Team Whooz Executive Assistant Alice is a staunch adherent of the train chasing form of railfanning, while I consider it mostly a major drag. There are exceptions, however, and prominent among them are major events such as the San Diego Steam Special 2010.

After riding behind Santa Fe 4-8-4 No. 3751 for the run to San Diego on Saturday, 5-1-10, we had returned to Los Angeles aboard a Pacific Surfliner to both spend the night and retrieve the acting MayhemMobile. Sunday morning early the acting MayhemMobile was cranked up and headed south on I-5 to San Diego so we could track and photograph the Steam Special's return to L.A. - chase it.

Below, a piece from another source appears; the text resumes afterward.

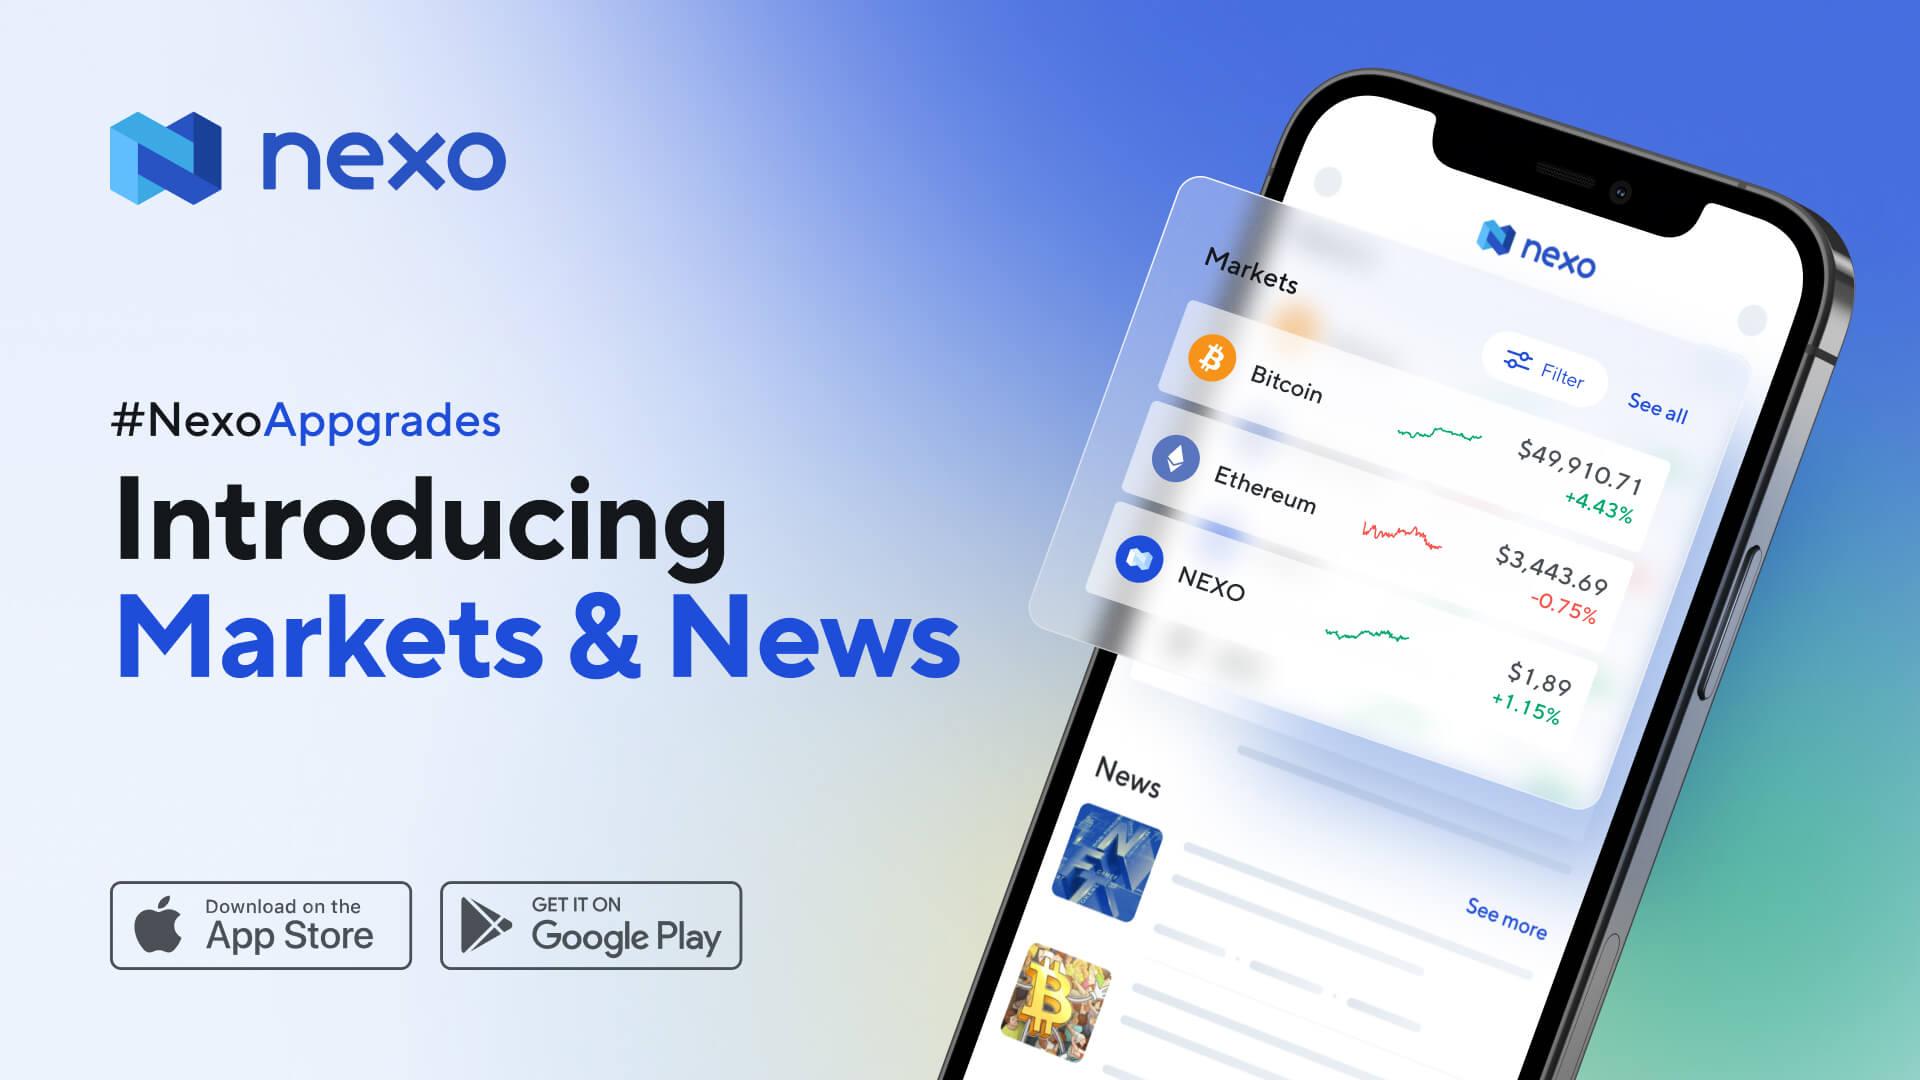 NexoアプリでMarketsとNewsが利用可能になりました！

Despite the topic title the chase was pretty cool - just not on the same level as the Civil War pursuit of the General, the REAL great chase. We got down to San Diego in time to catch the excursion's departure, then spent the rest of the day tracking and intercepting the train at points both known and guessed at.

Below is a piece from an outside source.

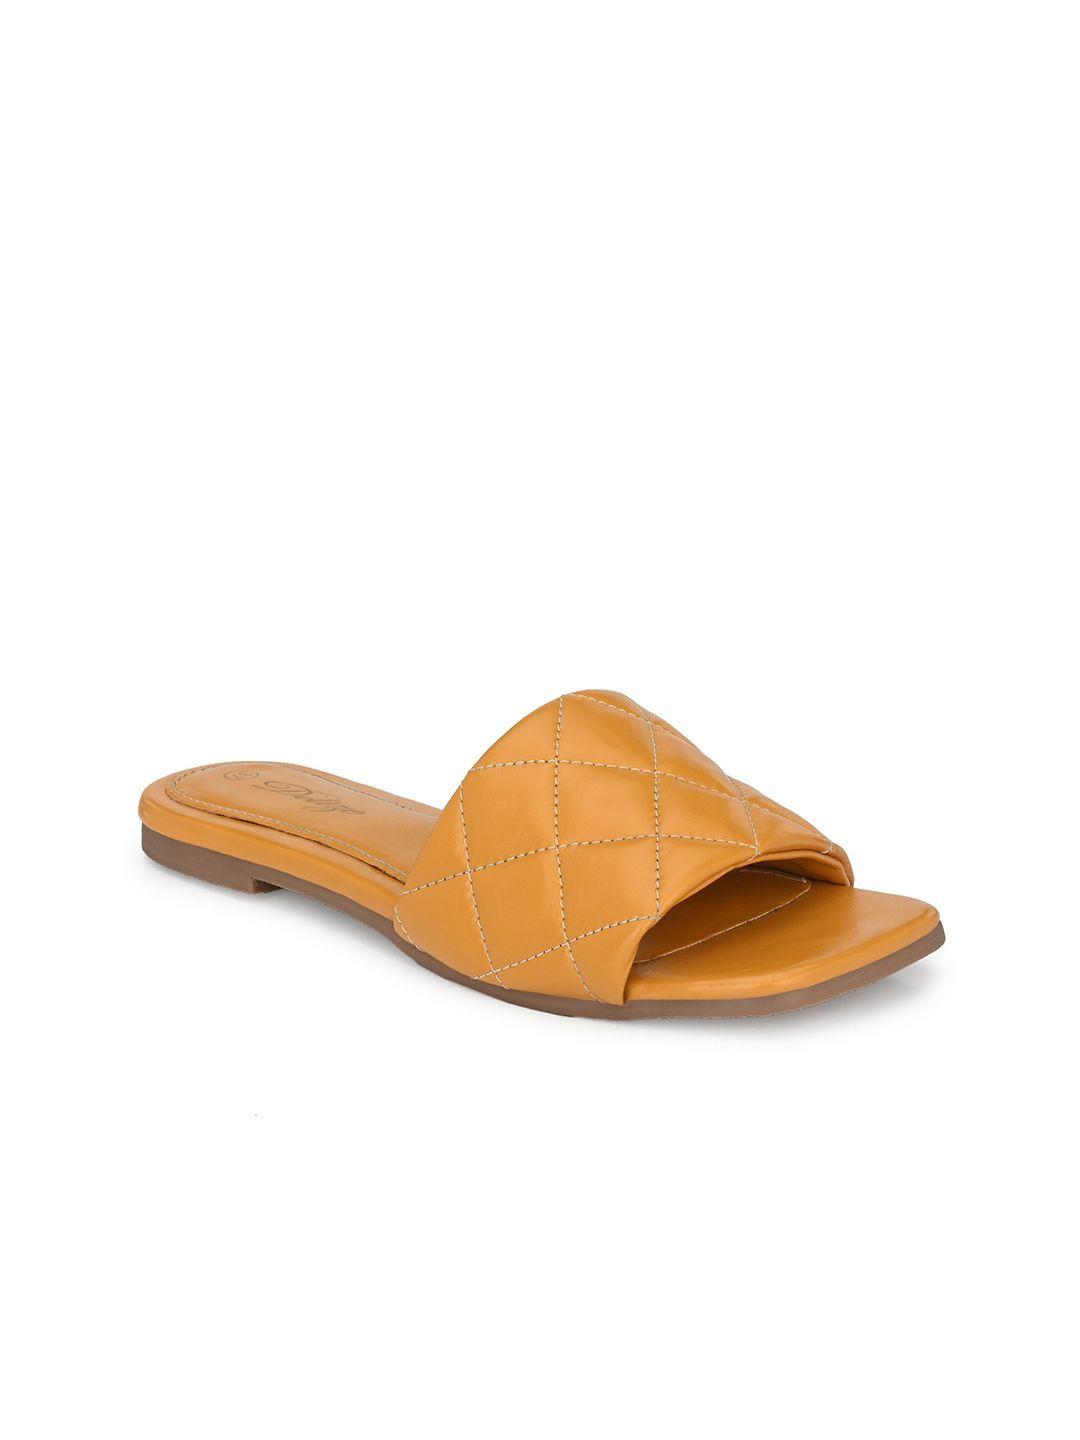 delize women yellow flats sandals

Now although the chase itself was cool - as chases go - as trip report material it sucked out loud. I mean I'm pretty sure few - if any - Valued Readers are interested in the litany of onramps, offramps, wrong turns, traffic gripes, etc., that would comprise a detailed chase account. Who needs it!?

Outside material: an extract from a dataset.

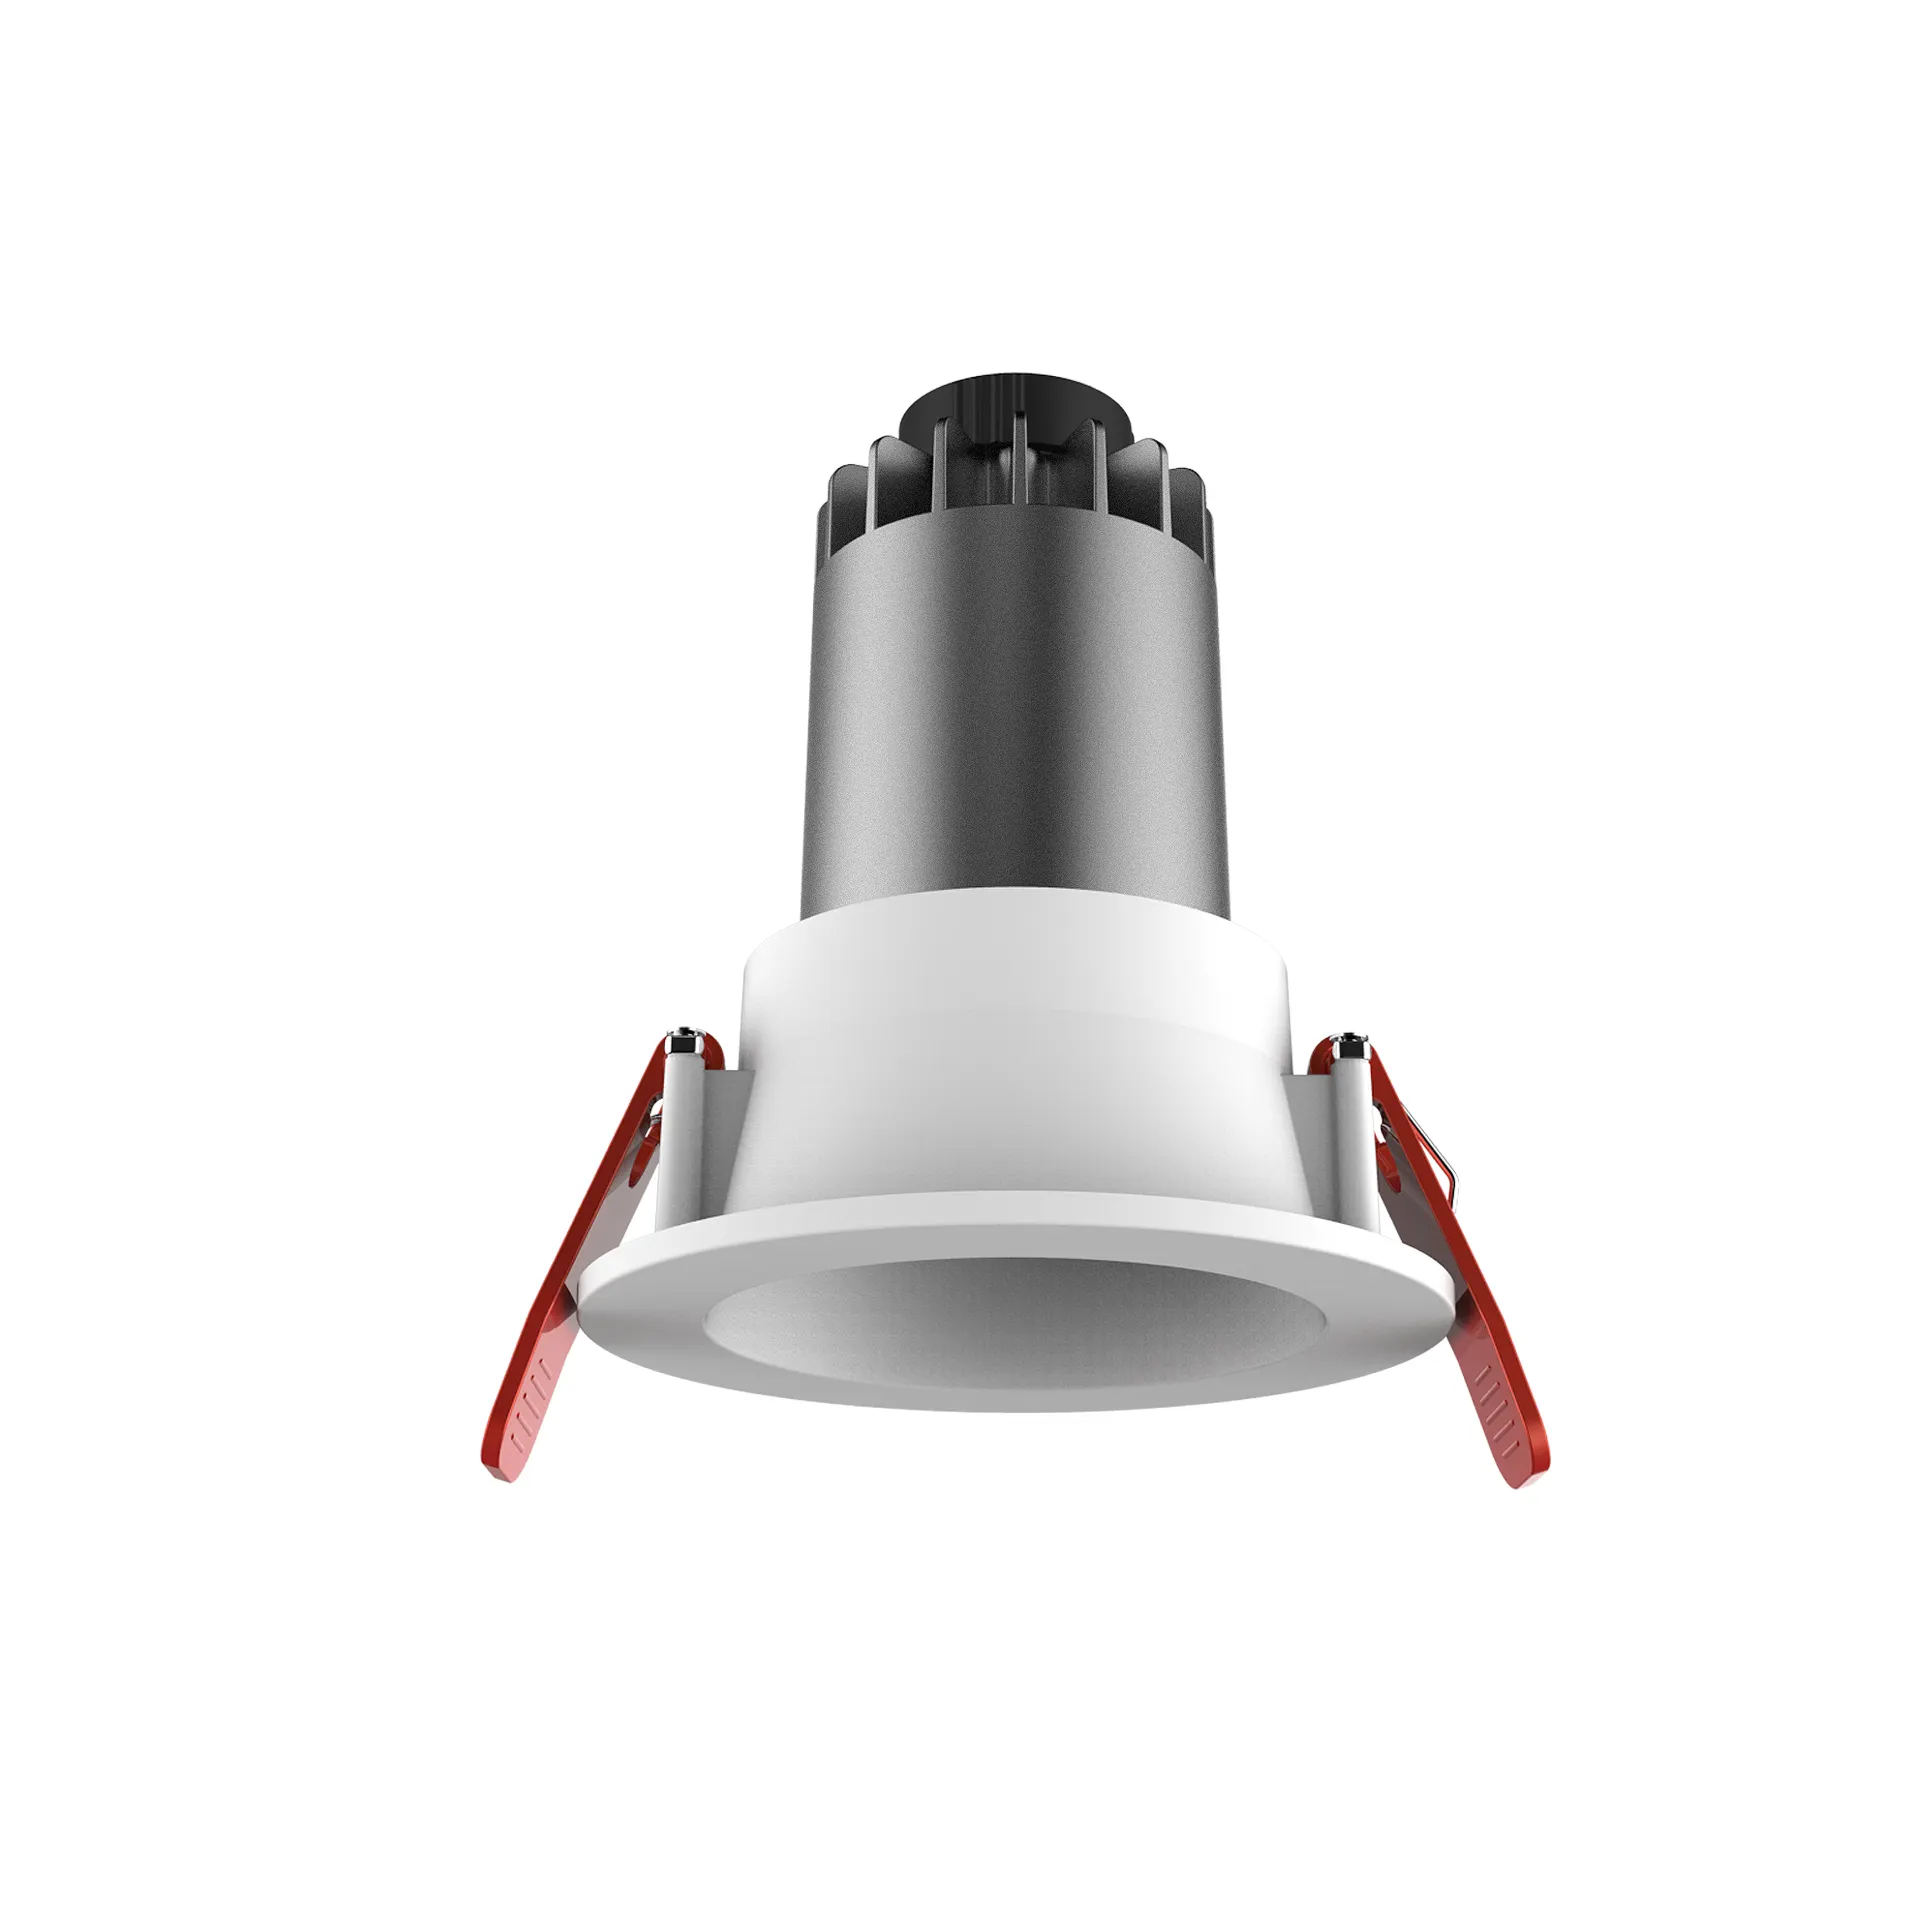 Kamsled useful led flush mount ceiling light

The alternative, and it seems a good one, is to simply show the fruits of all that tedious automotive running around. Not many still photos from the day, but several (hopefully) interesting video clips...

Photos:

The Not-So-Great Chase, 5-2-10

Vids:

Pacific Surfliner Engine Running Light (Before the San Diego Steam Special 2010 departed San Diego for it's northbound run on 5-2-10, this Amtrak locomotive headed for the downtown depot passed my photo position by itself, known as running light.)

San Diego Steam Special 2010 Departs San Diego

San Diego Steam Special 2010 Nears Carlsbad

San Diego Steam Special 2010 Northbound Run-by (At Speed!)

San Diego Steam Special 2010, San Juan Cap

San Diego Steam Special 2010 Passes Norwalk

Video descriptions and photo captions across the board to add a little context to the visuals.


----------



## Rob_C (Aug 22, 2010)

Cool! Does the P42 just deadhead or is it actively pushing as well? Or is it just inconsiquential to be dragging a dead P42 behind such a powerful steam engine?

Rob


----------



## Devil's Advocate (Aug 22, 2010)

WhoozOn1st said:


> Now although the chase itself was cool - as chases go - as trip report material it sucked out loud. I mean I'm pretty sure few - if any - Valued Readers are interested in the litany of onramps, offramps, wrong turns, traffic gripes, etc., that would comprise a detailed chase account. Who needs it!?


Ever watched Danny Harmon's youtube videos? Sometimes the chase itself is as much fun to watch as the train. Thanks for the videos. How much does a ride like that cost and how difficult is it to setup?



Rob_C said:


> Does the P42 just deadhead or is it actively pushing as well? Or is it just inconsiquential to be dragging a dead P42 behind such a powerful steam engine?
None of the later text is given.